Exercise goal →
An exact copy of the data is needed, one that excludes all pictures.

── Material provided ──

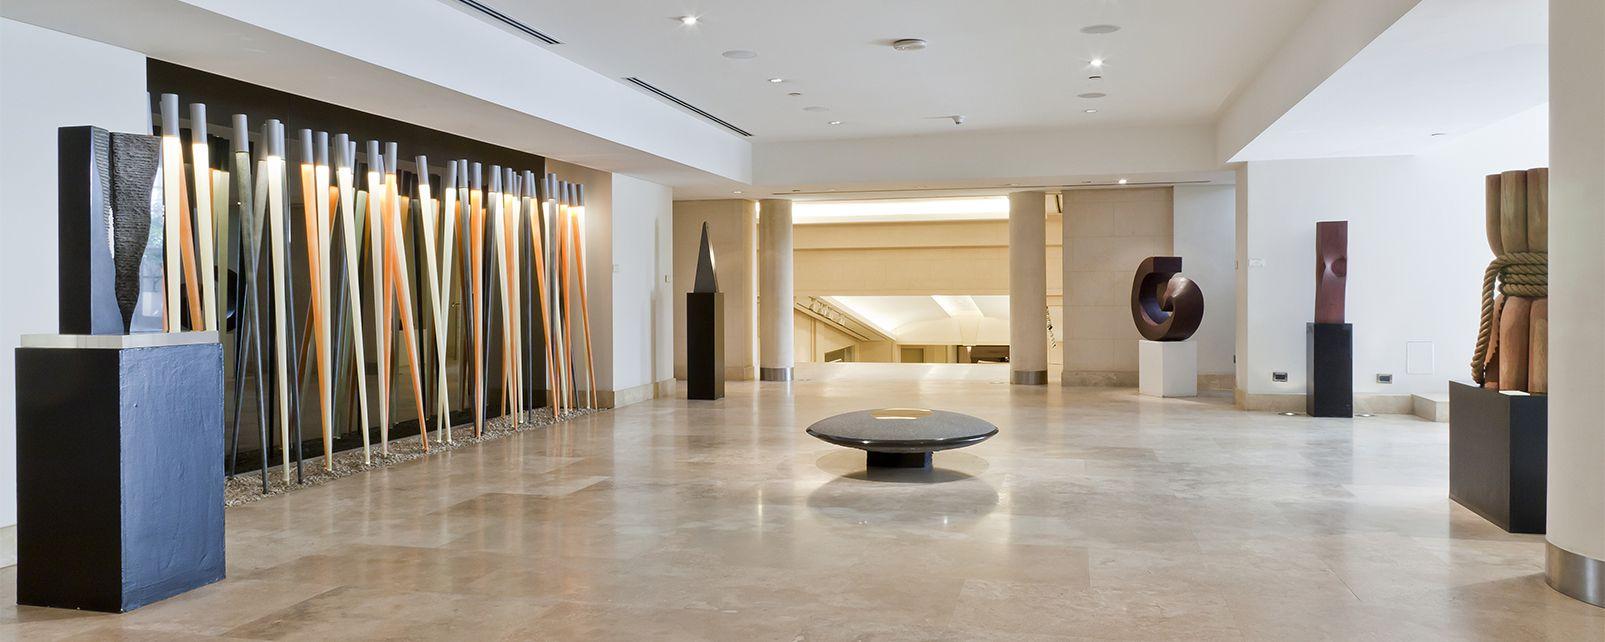 Hôtel Palacio Duhau - Park Hyatt Buenos Aires
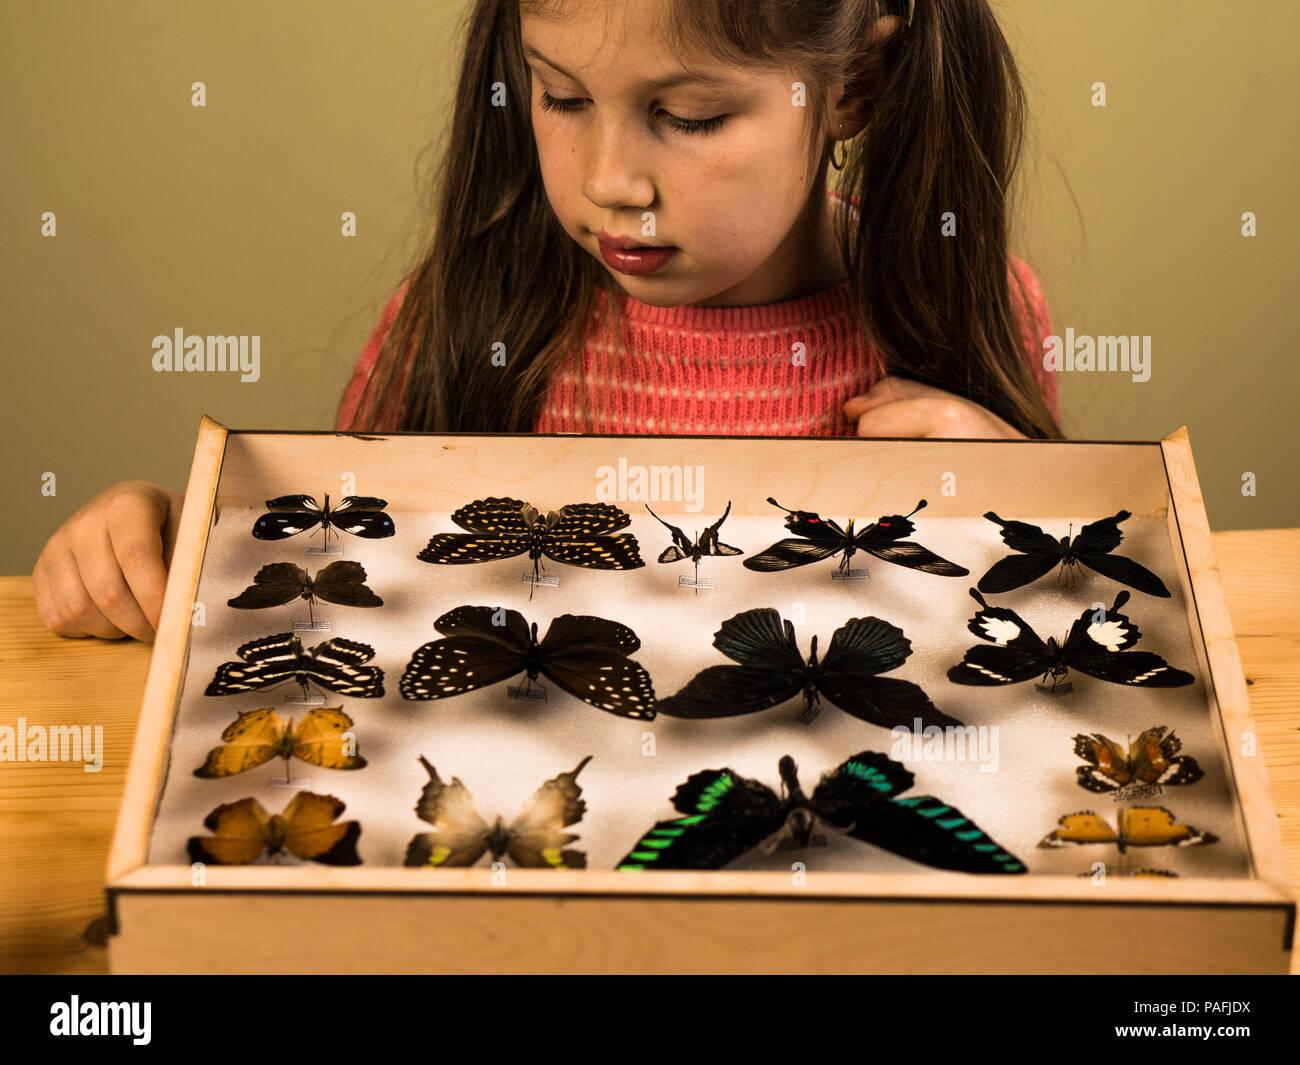 Little Girl Scrutinizes Entomology Collection of Tropical Butterflies - Stock Image
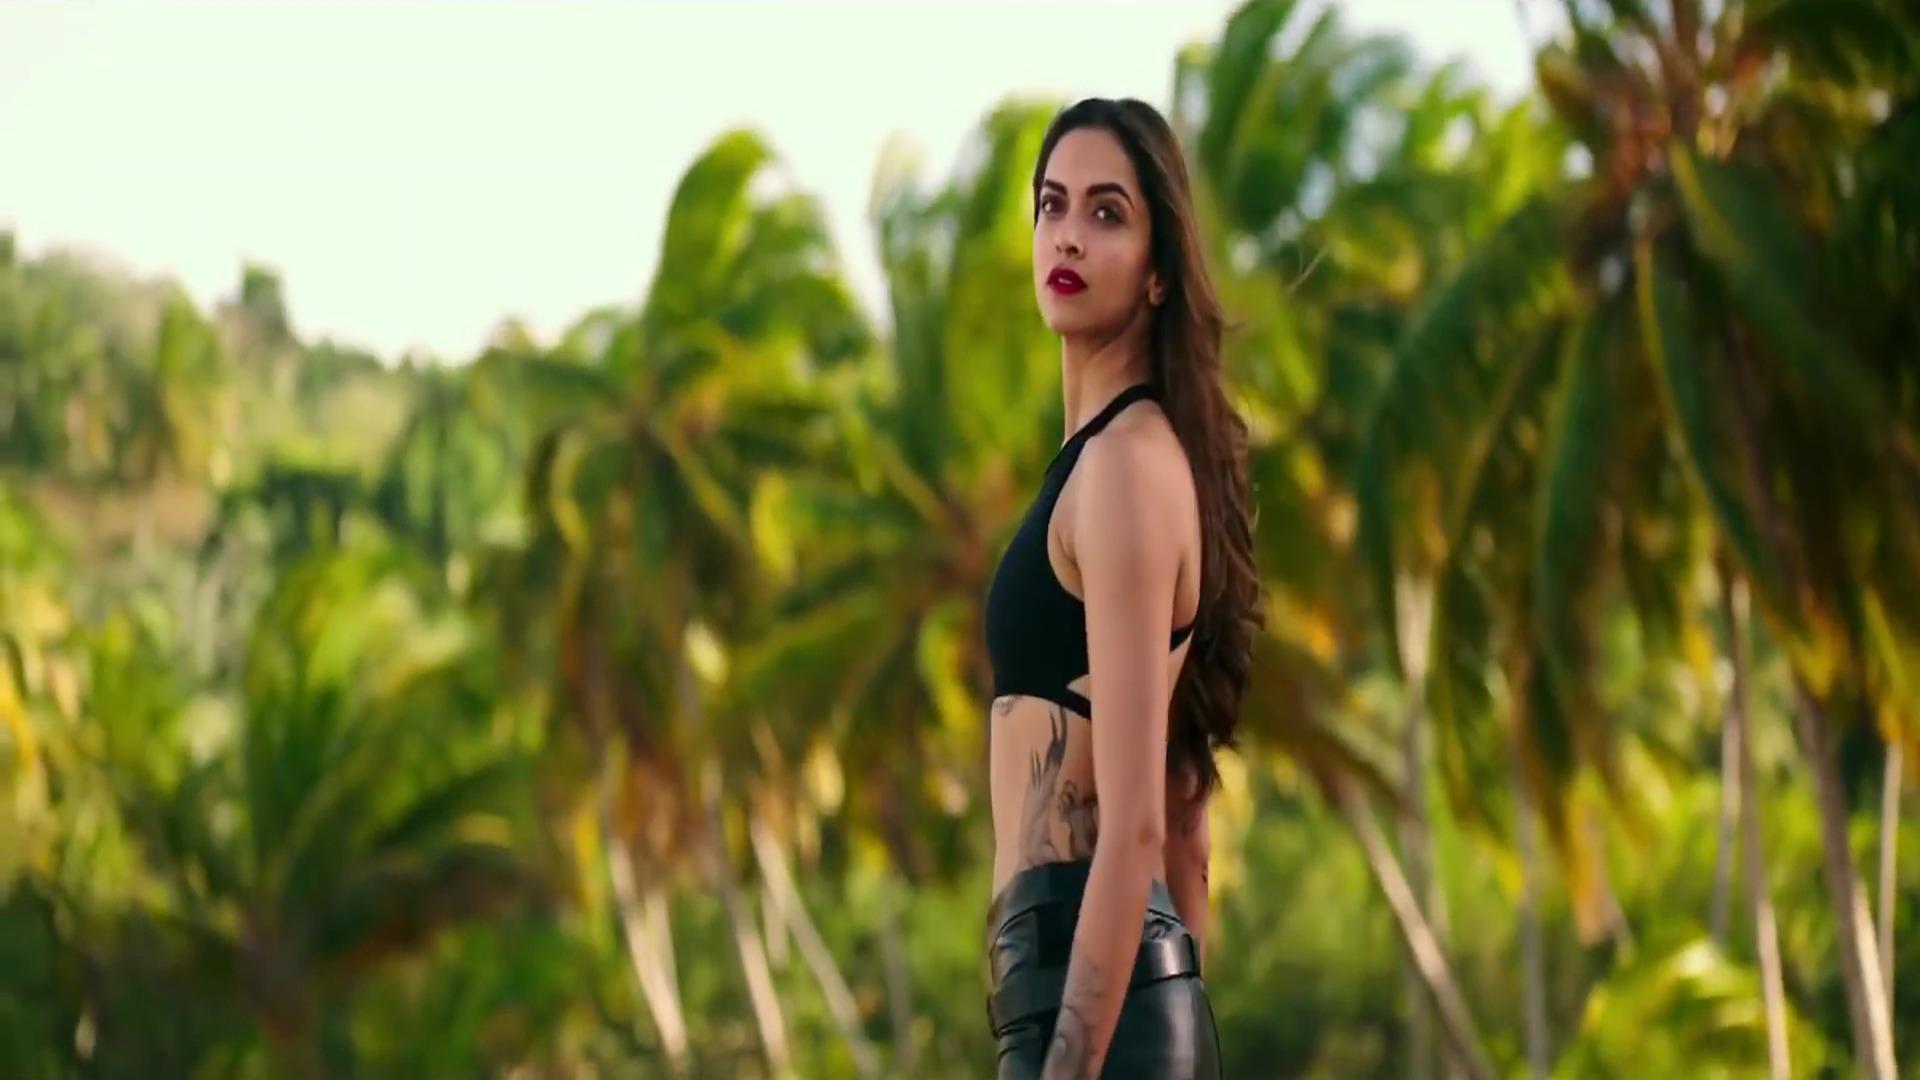 Deepika Padukone in XXX Film HD Wallpapers | HD Wallpapers

───

Task answer →
 Hôtel Palacio Duhau - Park Hyatt Buenos Aires
 Little Girl Scrutinizes Entomology Collection of Tropical Butterflies - Stock Image
 Deepika Padukone in XXX Film HD Wallpapers | HD Wallpapers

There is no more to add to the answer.